[[ Materials provided, beginning ]]

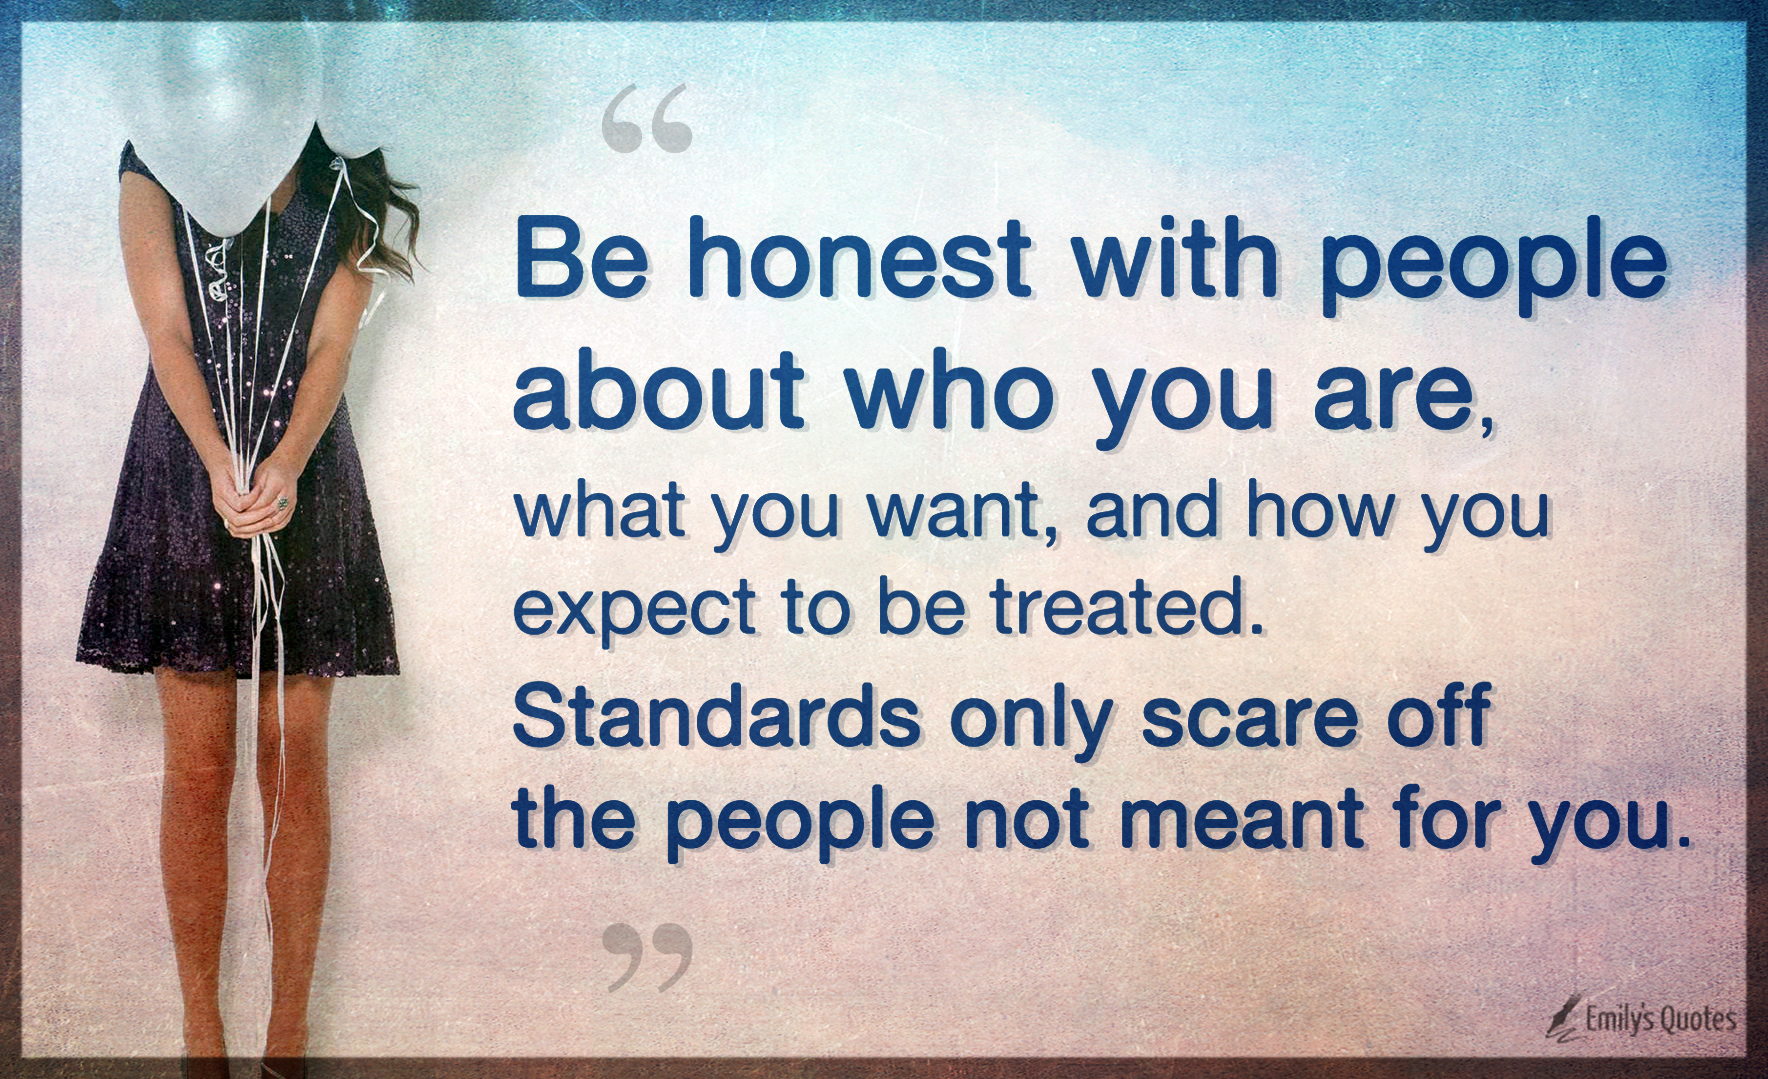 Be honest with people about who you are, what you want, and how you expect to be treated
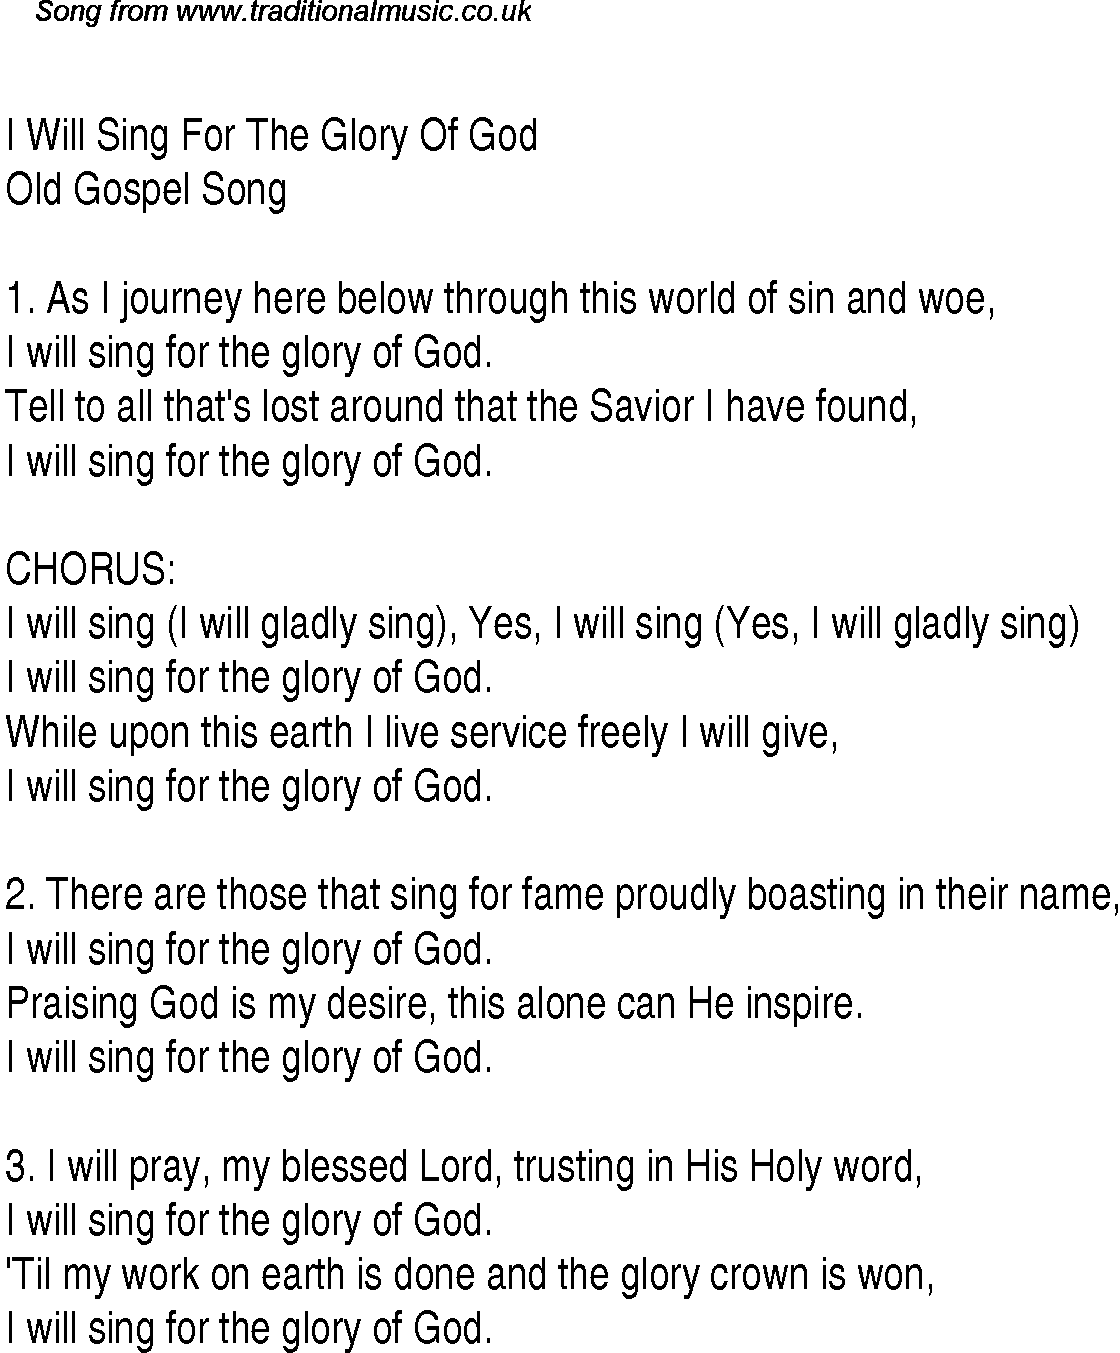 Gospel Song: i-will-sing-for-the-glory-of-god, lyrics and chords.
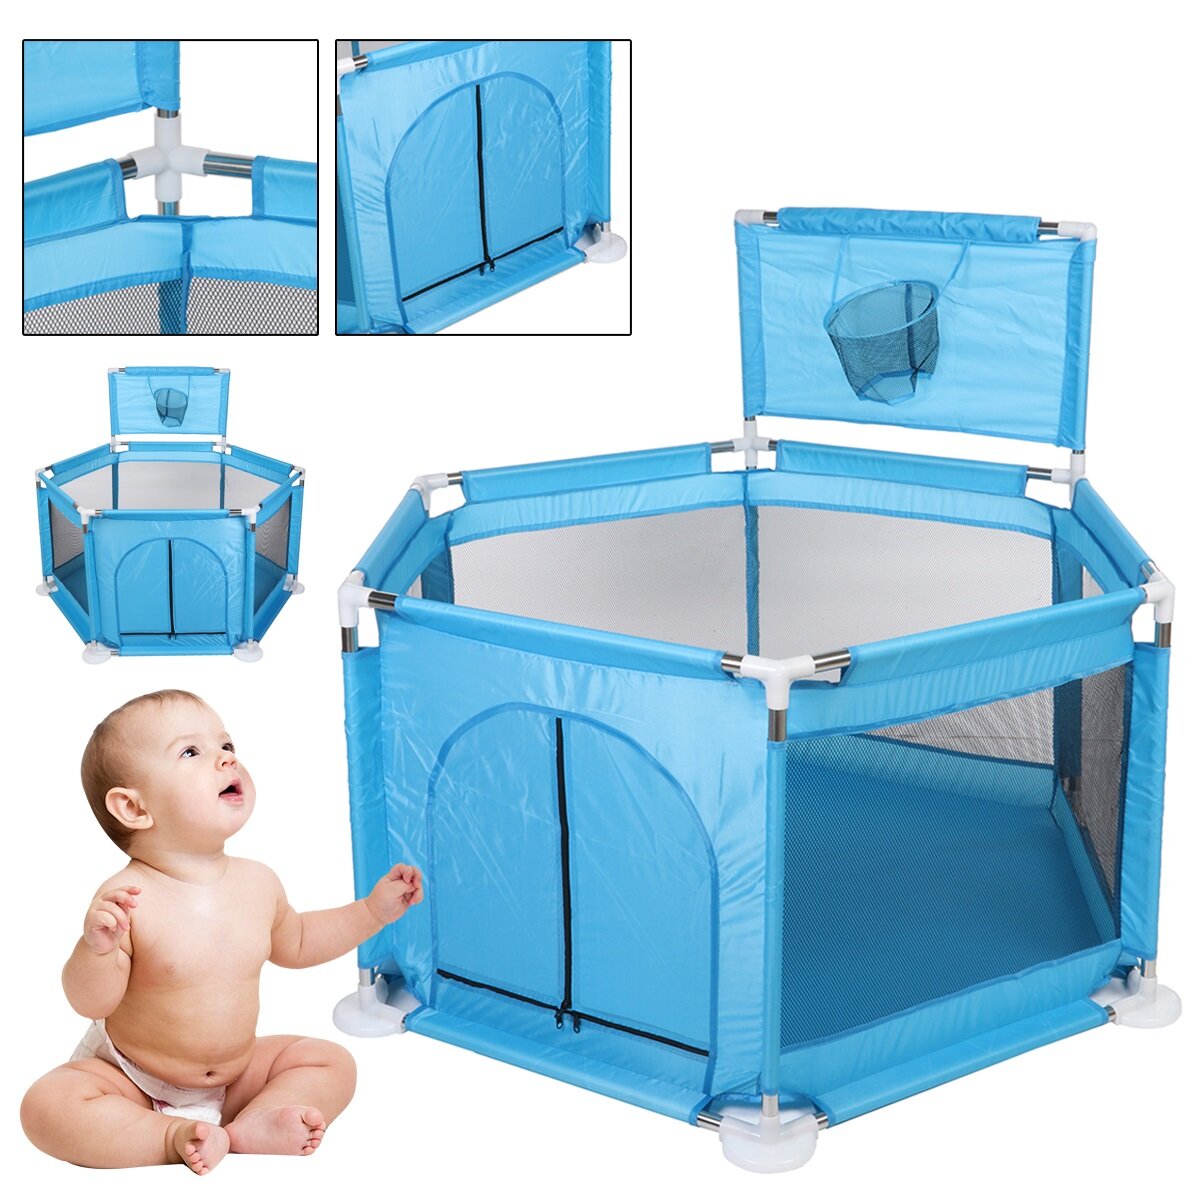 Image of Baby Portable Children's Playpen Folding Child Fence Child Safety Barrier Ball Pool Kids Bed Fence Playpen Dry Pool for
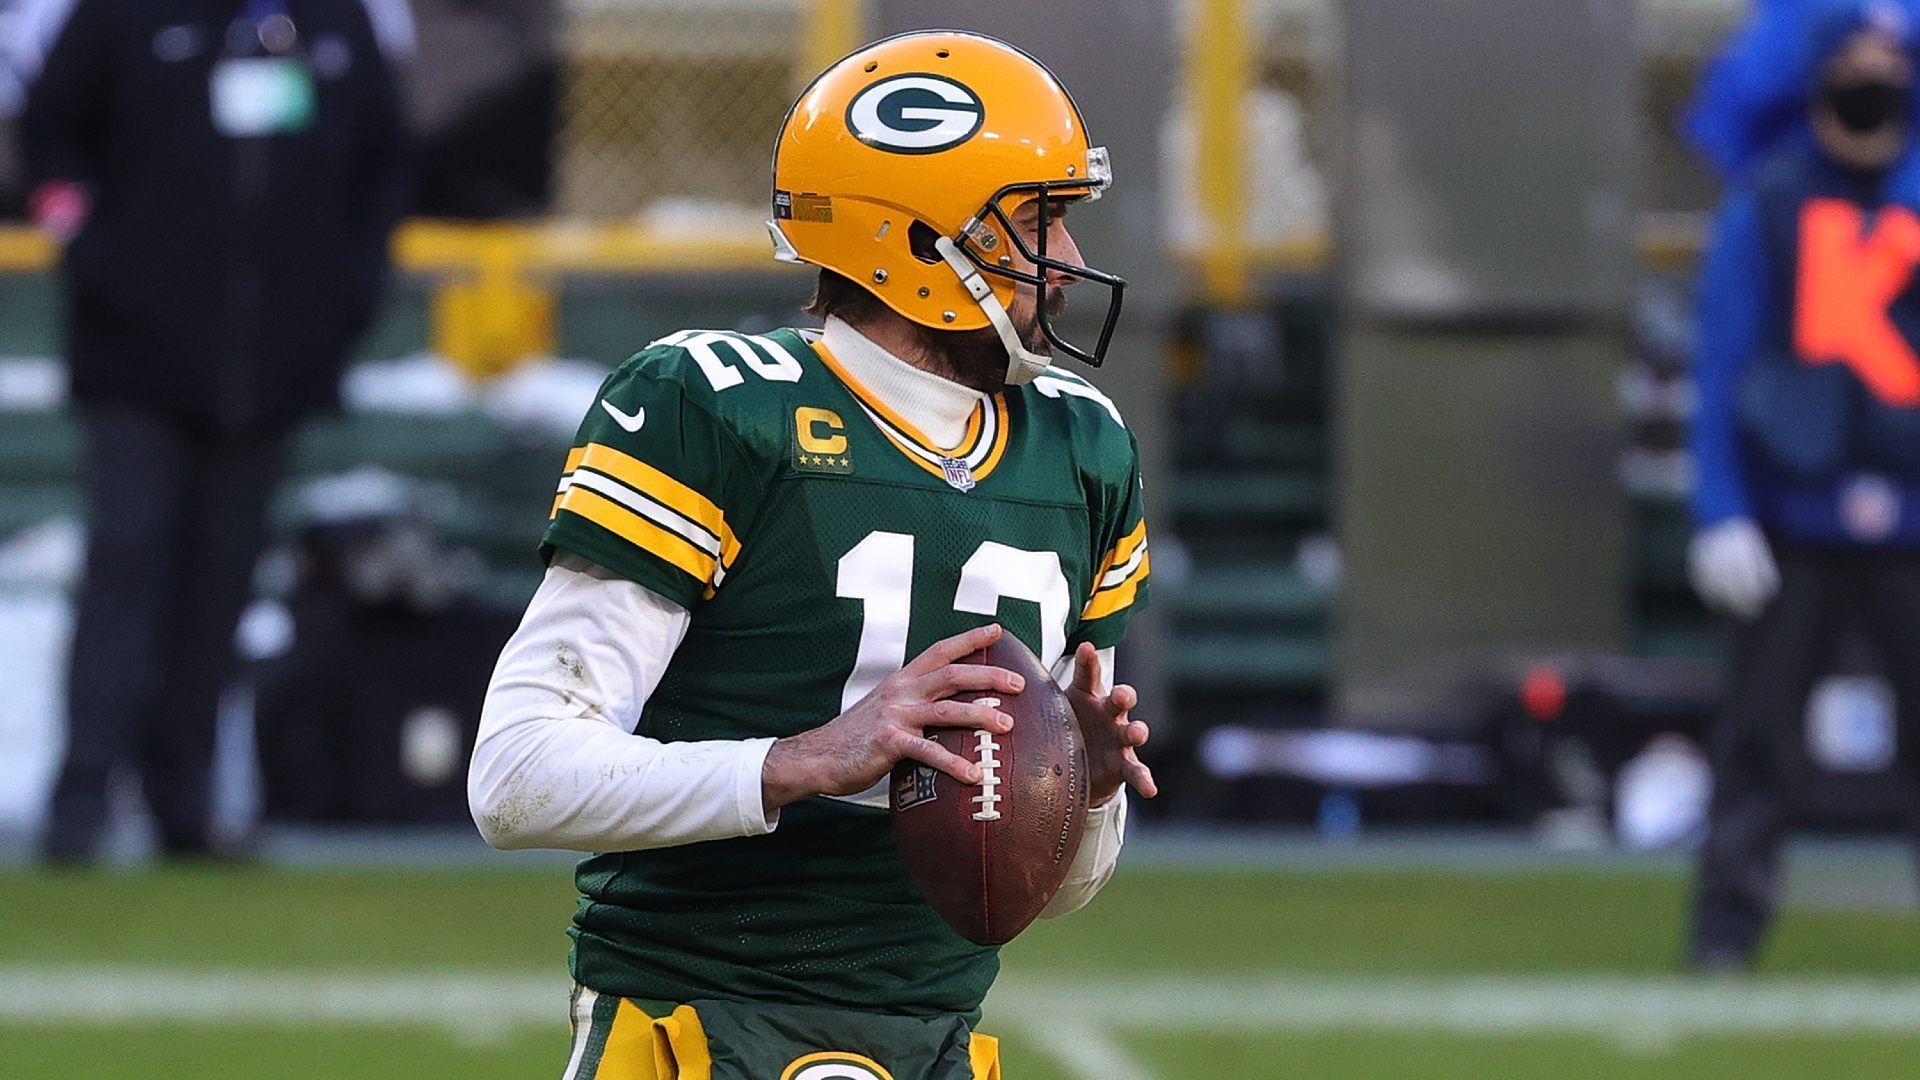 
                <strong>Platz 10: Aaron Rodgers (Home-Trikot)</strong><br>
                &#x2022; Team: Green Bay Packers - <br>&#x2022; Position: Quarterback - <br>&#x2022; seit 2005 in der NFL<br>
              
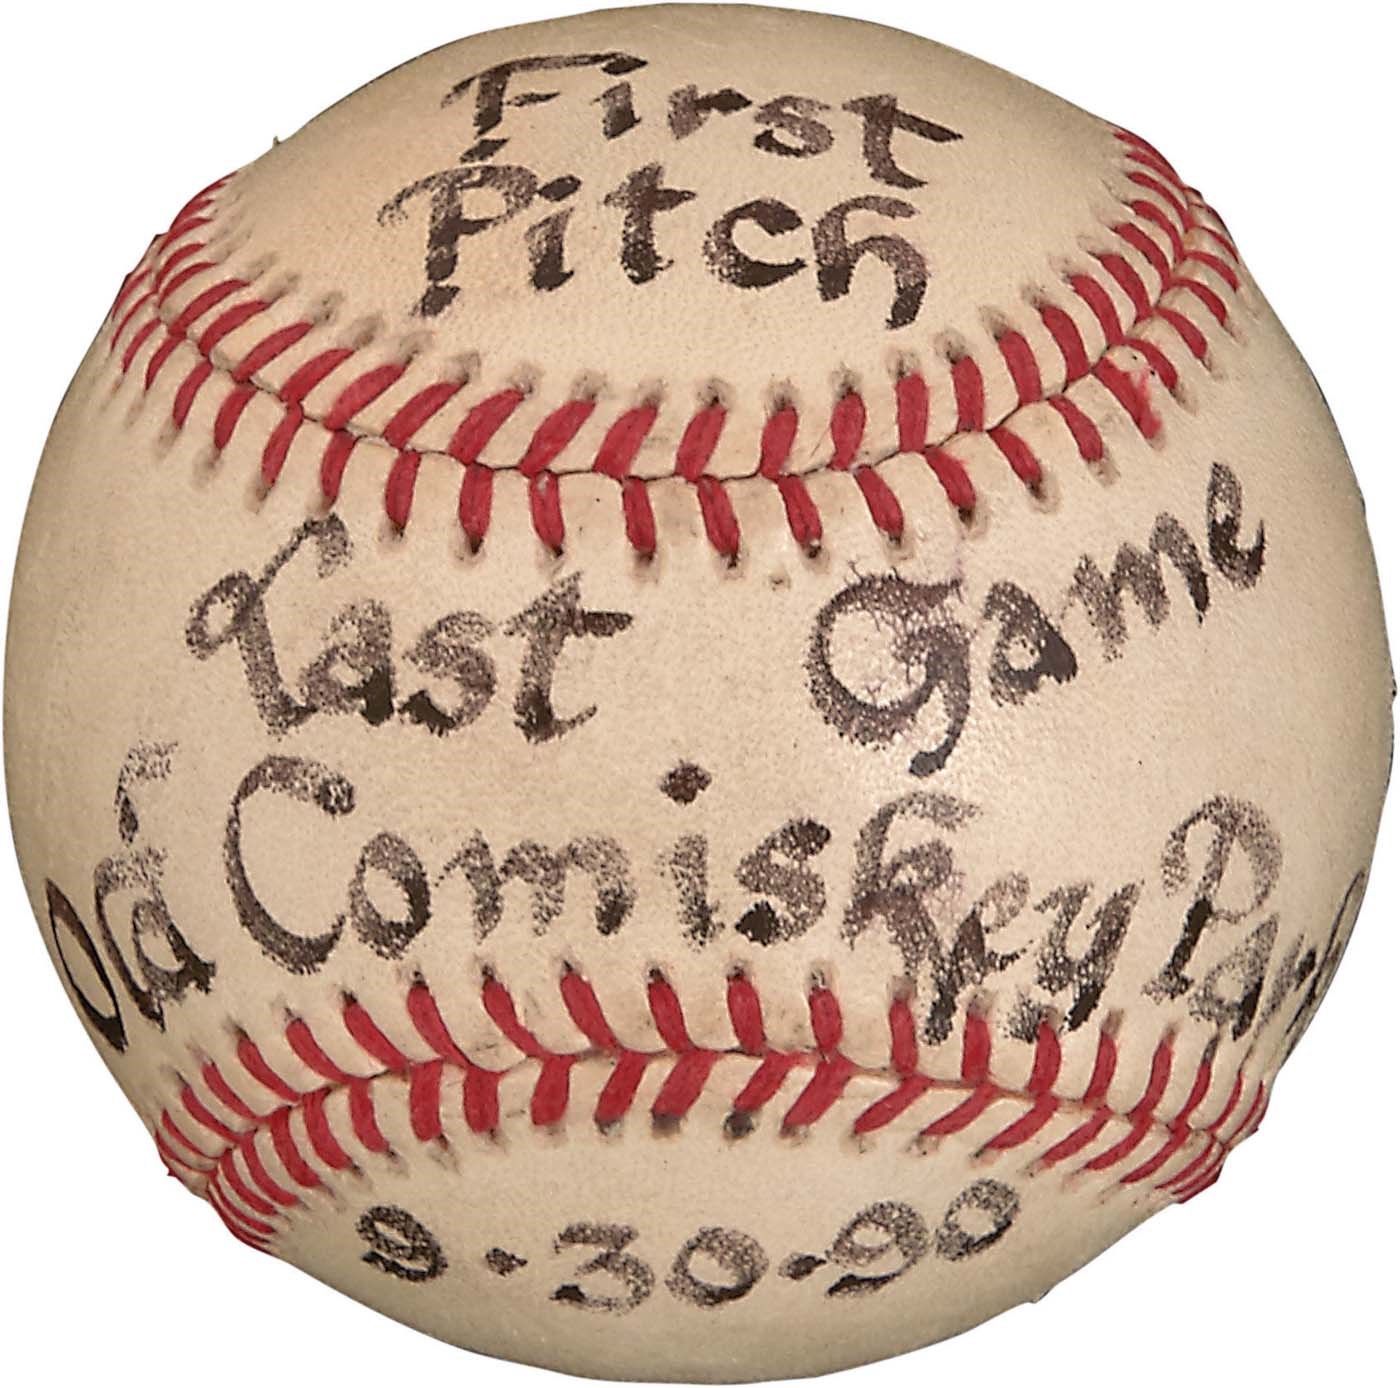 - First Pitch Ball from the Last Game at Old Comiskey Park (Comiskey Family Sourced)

[[ Materials provided, end ]]

Restate the entries above word for word, keeping pictures out of the copy.

 Be honest with people about who you are, what you want, and how you expect to be treated
 Gospel Song: i-will-sing-for-the-glory-of-god, lyrics and chords.
 Image of Baby Portable Children's Playpen Folding Child Fence Child Safety Barrier Ball Pool Kids Bed Fence Playpen Dry Pool for
                <strong>Platz 10: Aaron Rodgers (Home-Trikot)</strong><br>
                &#x2022; Team: Green Bay Packers - <br>&#x2022; Position: Quarterback - <br>&#x2022; seit 2005 in der NFL<br>
              
 - First Pitch Ball from the Last Game at Old Comiskey Park (Comiskey Family Sourced)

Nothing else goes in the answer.